Es entspricht den Tatsachen, dass von der Polizei in den weitaus meisten Fällen Beschuldigte einem Richter vorgeführt werden, um einen richterlichen Haftbefehl auf der Grundlage bestehender „Fluchtgefahr“ zu erwirken.

Nach § 112 Abs. 2 Nr. 2 StPO besteht Fluchtgefahr, wenn auf Grund bestimmter Tatsachen bei Würdigung der Umstände des Einzelfalles die Gefahr besteht, dass der Beschuldigte sich dem Strafverfahren entziehen werde, so die herrschende Meinung.

Diese Definition rechtfertigt es aber nicht:

  •  Fluchtgefahr anhand genereller Maßstäbe und unter Verwendung schematischer Argumente zu begründen

  •  Vom Haftgrund der Fluchtgefahr auszugehen, wenn die äußeren Bedingungen für eine Flucht günstig erscheinen

  •  Wenn als Strafmaß „Freiheitsstrafe“ zu erwarten ist.

Prüfkriterien: Maßgeblich für die Prüfung des Haftgrundes „Fluchtgefahr“ ist, dass die Gesamtheit der Einzelumstände, insbesondere die persönlichen Verhältnisse des Täters sorgfältig zu prüfen sind.

Tatsachen: Die Begründung von „Fluchtgefahr“ muss deshalb aus bestimmten Tatsachen hergeleitet werden können.
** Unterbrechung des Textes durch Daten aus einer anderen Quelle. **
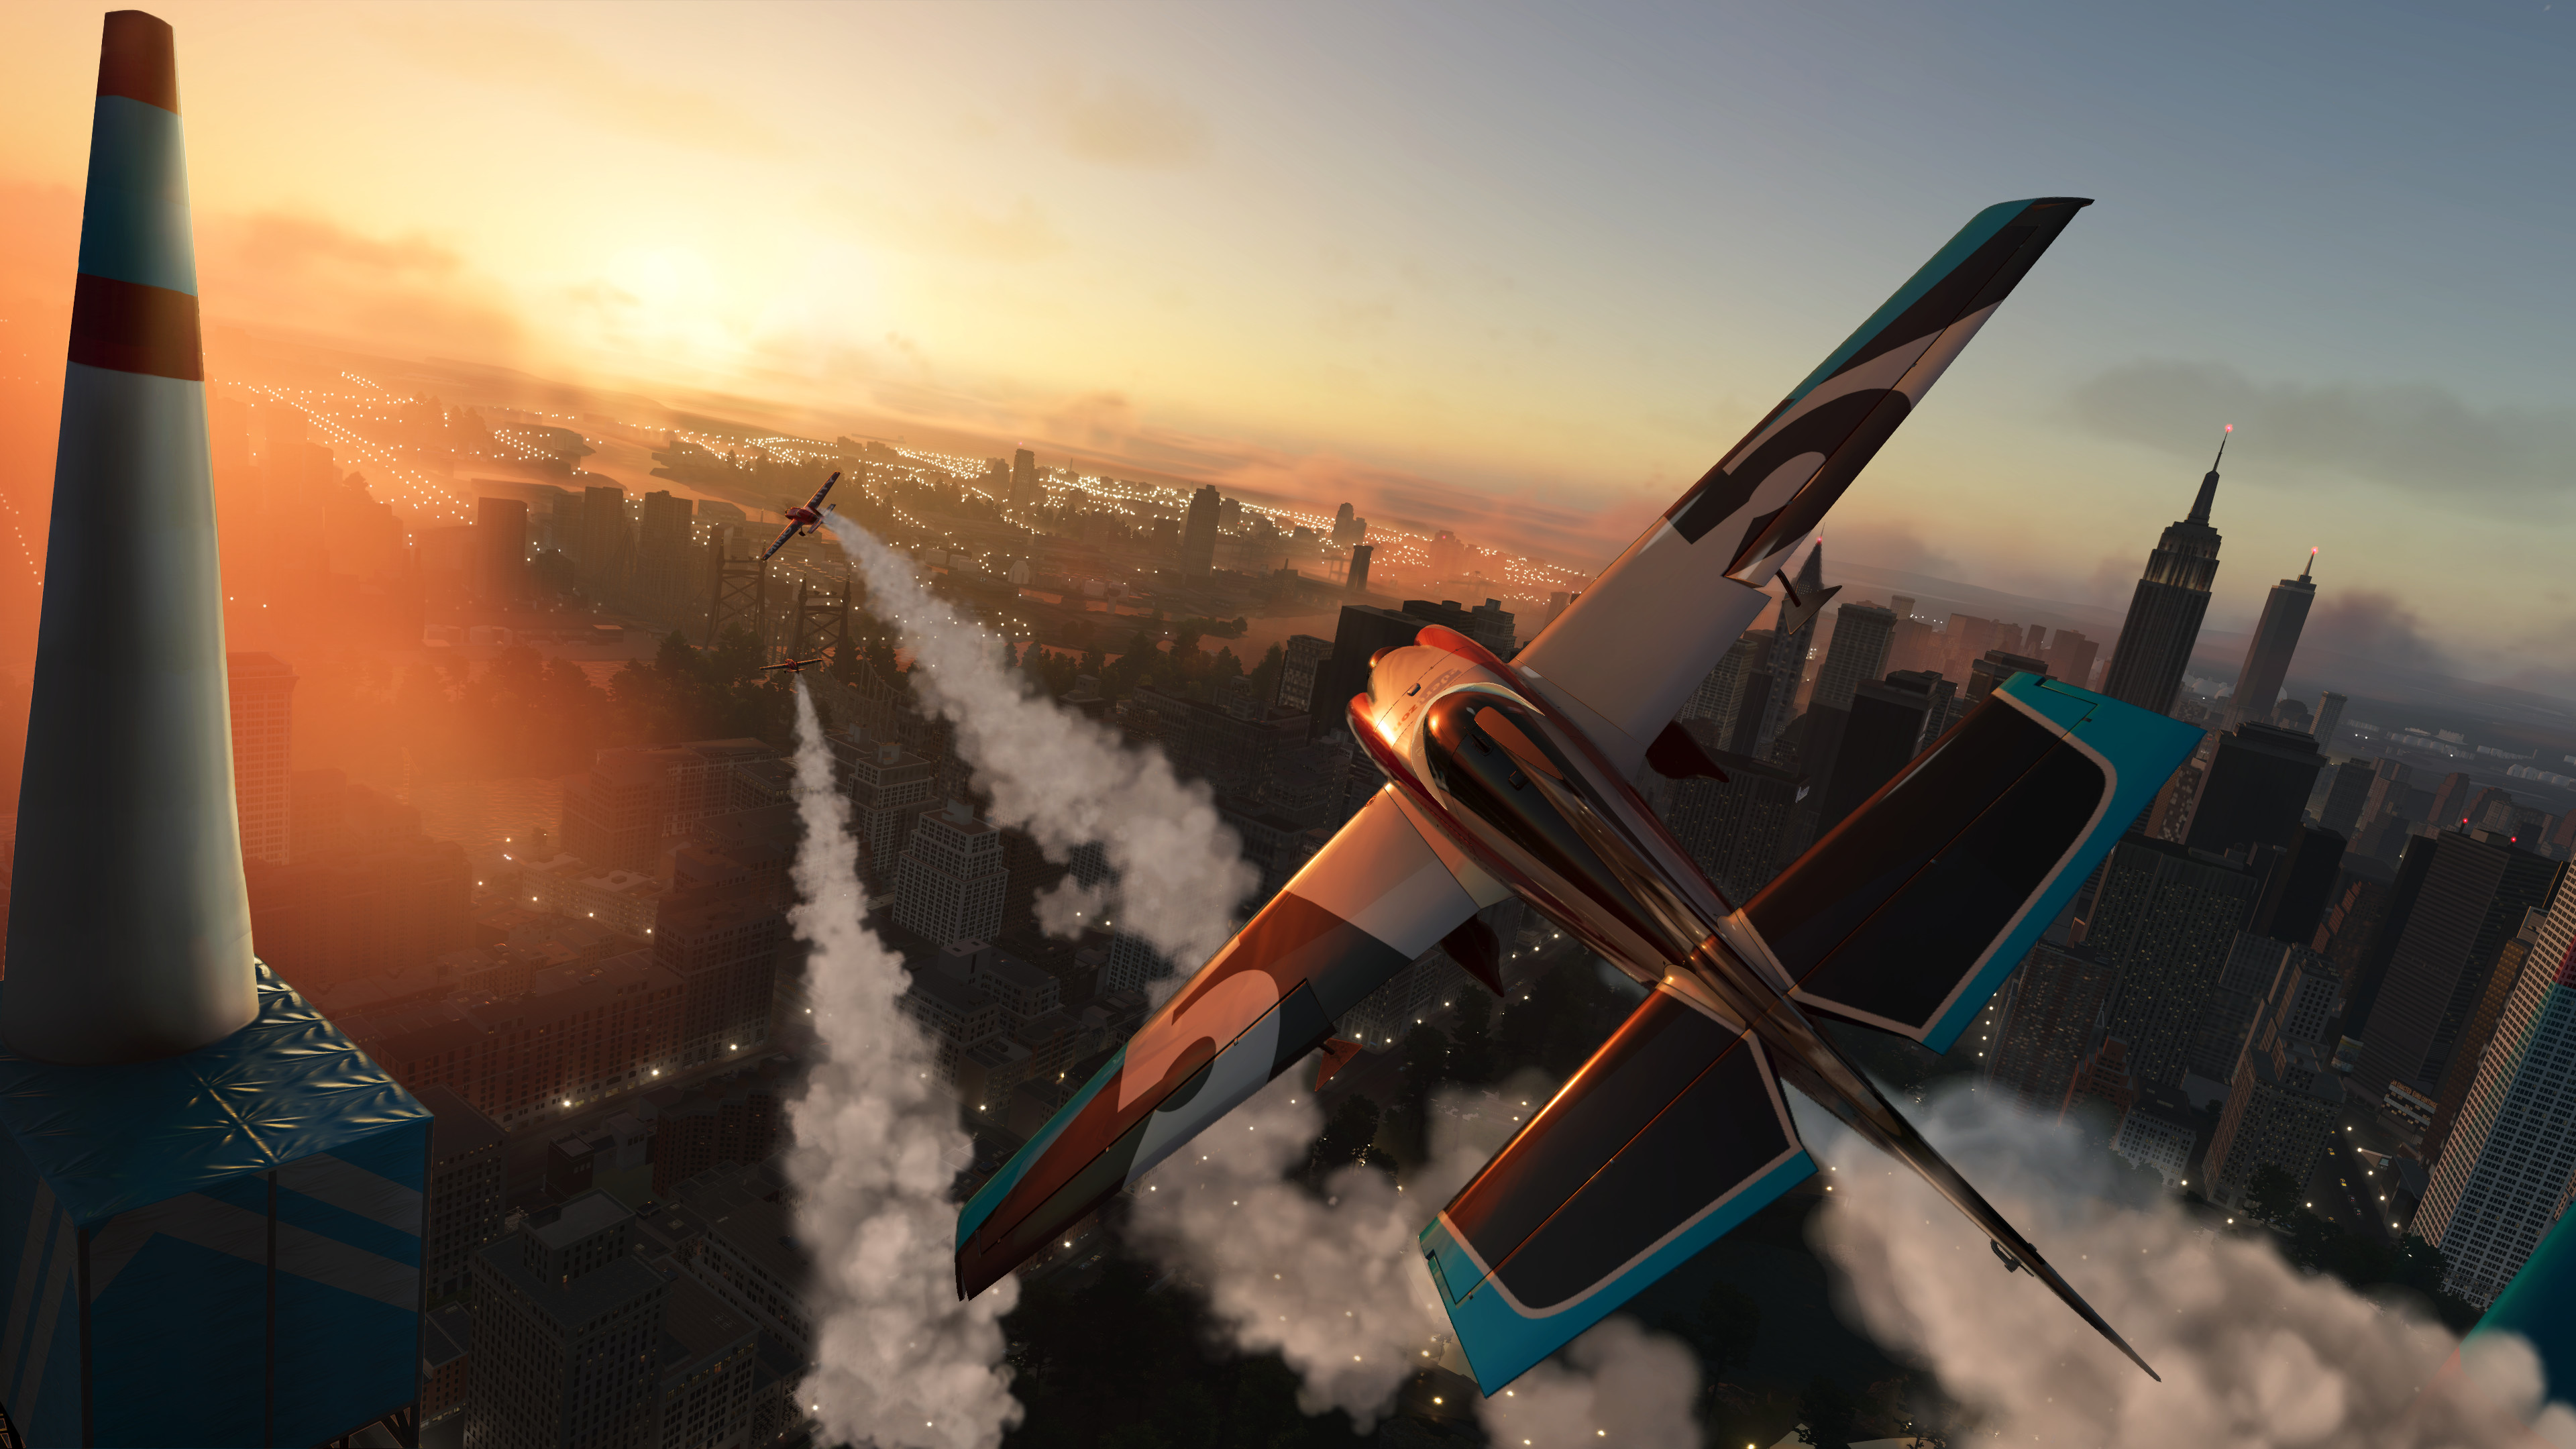 real flight simulator free download for pc

Bloße Mutmaßungen und Befürchtungen reichen für den Nachweis von Fluchtgefahr nicht aus. Andererseits dürfen an die nachzuweisenden „Tatsachen“ aber auch keine allzu hohen Anforderungen gerichtet werden.


Gründe die für Fluchtgefahr sprechen:

  •  Ohne festen Wohnsitz

  •  Häufig wechselnde Wohnsitze

  •  Arbeitslosigkeit

  •  Häufiger Arbeitsplatzwechsel

  •  Flucht in einem früheren Verfahren

  •  Zugehörigkeit zu einer verbotenen Vereinigung

  •  Charakterliche Labilität des Beschuldigten

  •  Extremistisches Weltbild (Rechts- und Linksextremismus, Salafismus)
    • Neigung zum Glücksspiel

  •  Drogenmissbrauch

  •  Fehlen fester familiärer Bindungen

  •  Verbindungen ins Ausland

  •  Fremdsprachenkenntnisse

  •  Ankündigung und Umsetzung der verbotenen Ausreise in Krisengebiete (Dschihadisten)

  •  Vermögen im Ausland.

Gegen Fluchtgefahr sprechen:

  •  Starke familiäre Bindungen

  •  Attraktiver Arbeitsplatz

  •  Hohes Alter des Beschuldigten

  •  Fester Wohnsitz

  •  Wohnungseigentum (Haus, Eigentumswohnung, Firma etc.).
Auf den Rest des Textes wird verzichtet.